Entrust era un tempo un nome nel mercato dei certificati SSL (Secure Sockets Layer) / TLS (Transport Layer Security) di cui molte organizzazioni si fidavano. In qualità di Autorità di Certificazione (CA) impegnata nella sicurezza delle connessioni, questa azienda lavora per contribuire a creare esperienze digitali sicure, salvaguardando reti e dispositivi vulnerabili. Purtroppo Entrust non è stata all'altezza di questa promessa e, con Google che non si fida più dei certificati digitali di Entrust per impostazione predefinita e Mozilla che ha seguito l'esempio e non si fida più di questi certificati, gli attuali clienti di Entrust SSL si trovano a dover cercare una soluzione.
Questo è un momento che apre gli occhi a coloro che un tempo dipendevano da Entrust per la fornitura di crittografia e autenticazione robuste. Con due dei maggiori attori del mondo digitale che esprimono evidenti dubbi sulla capacità di Entrust di proteggere gli utenti, è diventato chiaro ai clienti attuali che è necessario esplorare altre strade. Passare a un'altra autorità di certificazione può sembrare un processo complicato, ma con la sicurezza informatica della vostra organizzazione in gioco, è necessario.
La scelta di una CA di fiducia con cui collaborare renderà la transizione semplice e non comporterà alcuna complicazione. Il nostro team di Sectigo è lieto di guidare questo processo e di garantire una maggiore tranquillità durante la ricerca della nuova normalità. Continuate a leggere per scoprire cosa sta succedendo ad Entrust, quali sono le implicazioni in termini di cybersicurezza per i clienti di Entrust e cosa occorre per migrare a una nuova autorità di certificazione per i vostri servizi di certificati SSL.
Capire cosa è successo a Entrust
In un recente annuncio di Google, il gigante di Internet ha condiviso l'intenzione di, come spiega Forbes, “revocare i certificati Transport Layer Security emessi da Entrust... per dare priorità alla sicurezza e alla privacy degli utenti di Chrome”. Forbes aggiunge che si tratta di una questione importante, data la responsabilità della CA di “fungere da base per le connessioni crittografate su cui gli utenti fanno affidamento tra il loro browser web e Internet”.
Secondo il team di sicurezza del browser Google Chrome, “i rapporti sugli incidenti divulgati pubblicamente [hanno] evidenziato uno schema di comportamenti preoccupanti da parte di Entrust che non sono all'altezza delle aspettative”, aggiungendo che questo ha “eroso la fiducia nella competenza, nell'affidabilità e nell'integrità di [Entrust] come azienda di fiducia pubblica”.

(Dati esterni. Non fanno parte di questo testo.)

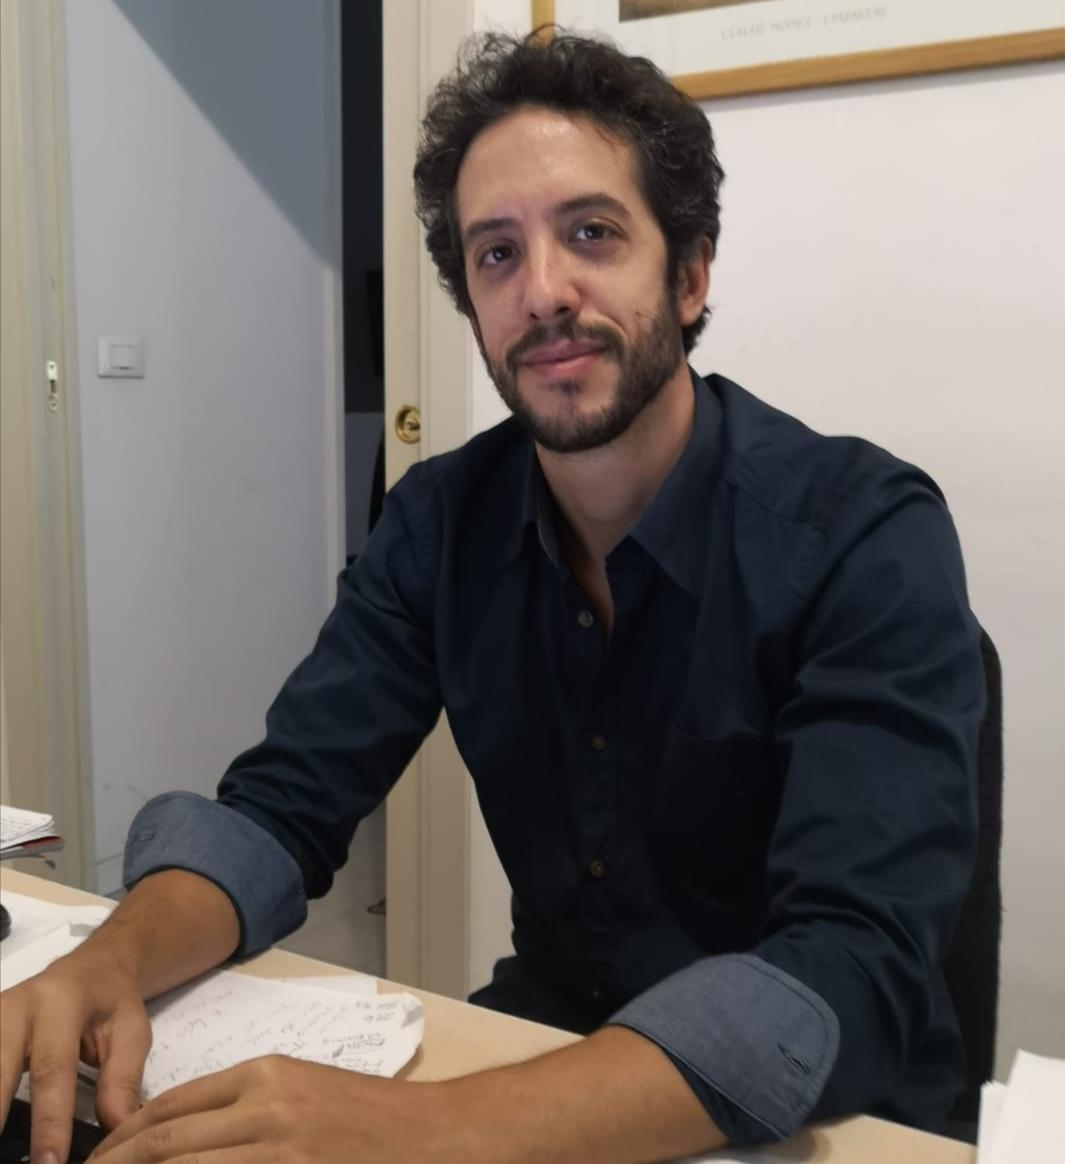 Alessio Urso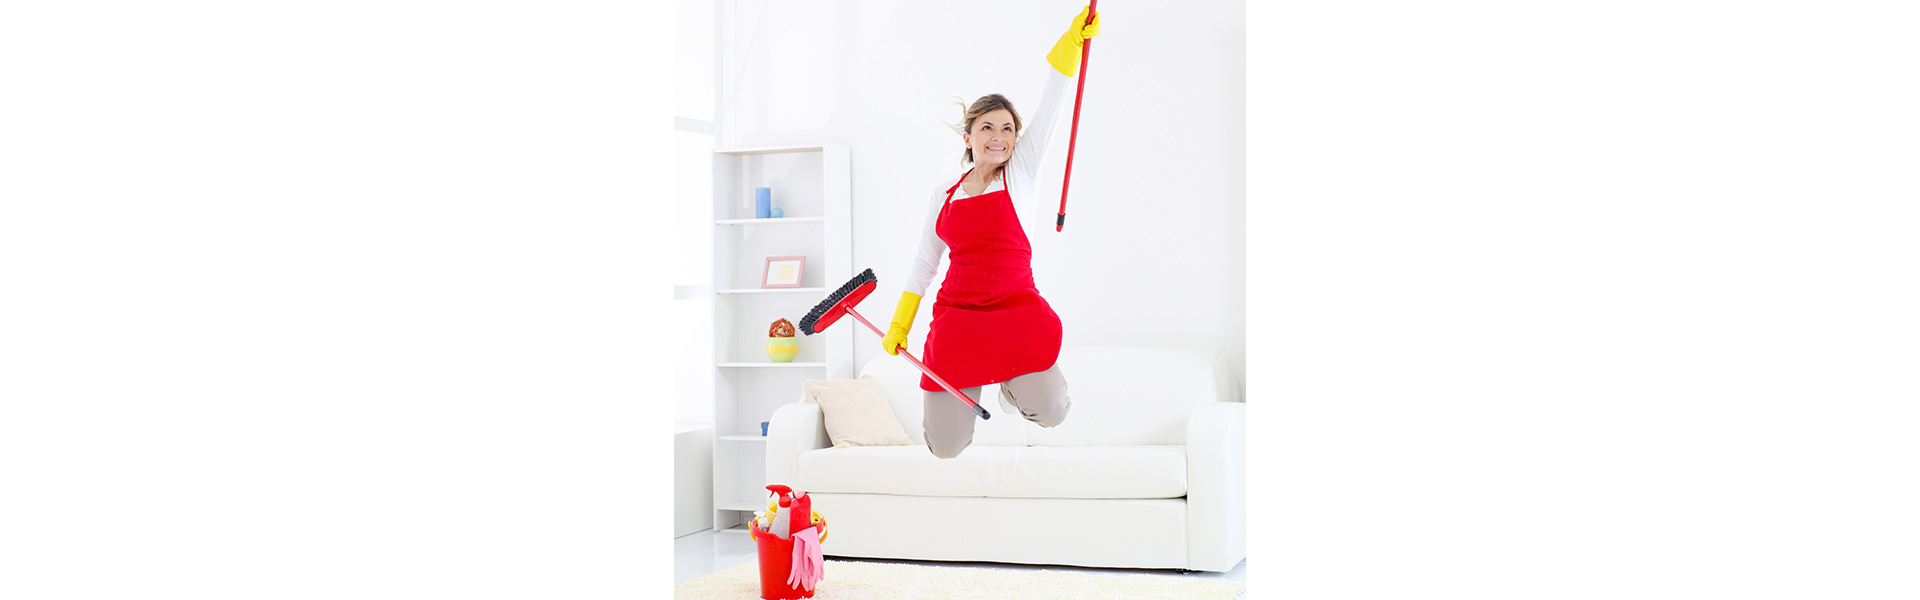 Springende Reinigungskraft

Di conseguenza, gli utenti che si recano su siti con certificati digitali Entrust si troveranno di fronte a messaggi che indicano che le loro connessioni non sono sicure o private. Attualmente, i certificati SSL/TLS firmati il 12 novembre o prima di tale data dovrebbero rimanere validi, ma tutto cambierà il 12 novembre, quando i certificati SSL/TLS di Entrust saranno diffidati.

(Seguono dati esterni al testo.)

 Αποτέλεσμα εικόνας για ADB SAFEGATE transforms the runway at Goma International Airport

In risposta a questo fiasco, l'amministratore delegato di Entrust, Todd Wilkinson, ha rilasciato una dichiarazione in cui spiega: “I nostri recenti episodi di emissione errata sono nati da un'errata interpretazione dei requisiti di conformità di CA/Browser Forum. Nel tentativo di risolvere il problema, le nostre modifiche hanno creato ulteriori errori di emissione non legati alla sicurezza”.
Sebbene Wilkinson sostenga che Entrust abbia modificato i processi e le politiche chiave per risolvere questi problemi, rimane un problema centrale: i clienti Entrust precedentemente soddisfatti potrebbero non sentirsi più sicuri che i loro certificati SSL forniscano una protezione sufficiente.
Come passare a una nuova autorità di certificazione
Poiché i siti che utilizzano certificati Entrust emessi dopo l'11 novembre 2024 vengono segnalati come non sicuri su Chrome, è il momento di cambiare. Certo, i certificati attuali possono tecnicamente rimanere validi, ma vale la pena di chiedersi: attualmente forniscono una protezione sufficiente? Per evitare di perdere la copertura, seguite questi passaggi per iniziare la migrazione a una nuova CA con il minimo disturbo:
Passo 1: valutare la situazione attuale
Prima di tutto è necessario identificare e comprendere tutti i certificati digitali attualmente in uso, in particolare quelli emessi da Entrust. L'individuazione dei certificati è una fase estremamente importante del processo complessivo di gestione del ciclo di vita dei certificati, perché la piena visibilità dell'intero inventario di certificati vi aiuterà a evitare interruzioni.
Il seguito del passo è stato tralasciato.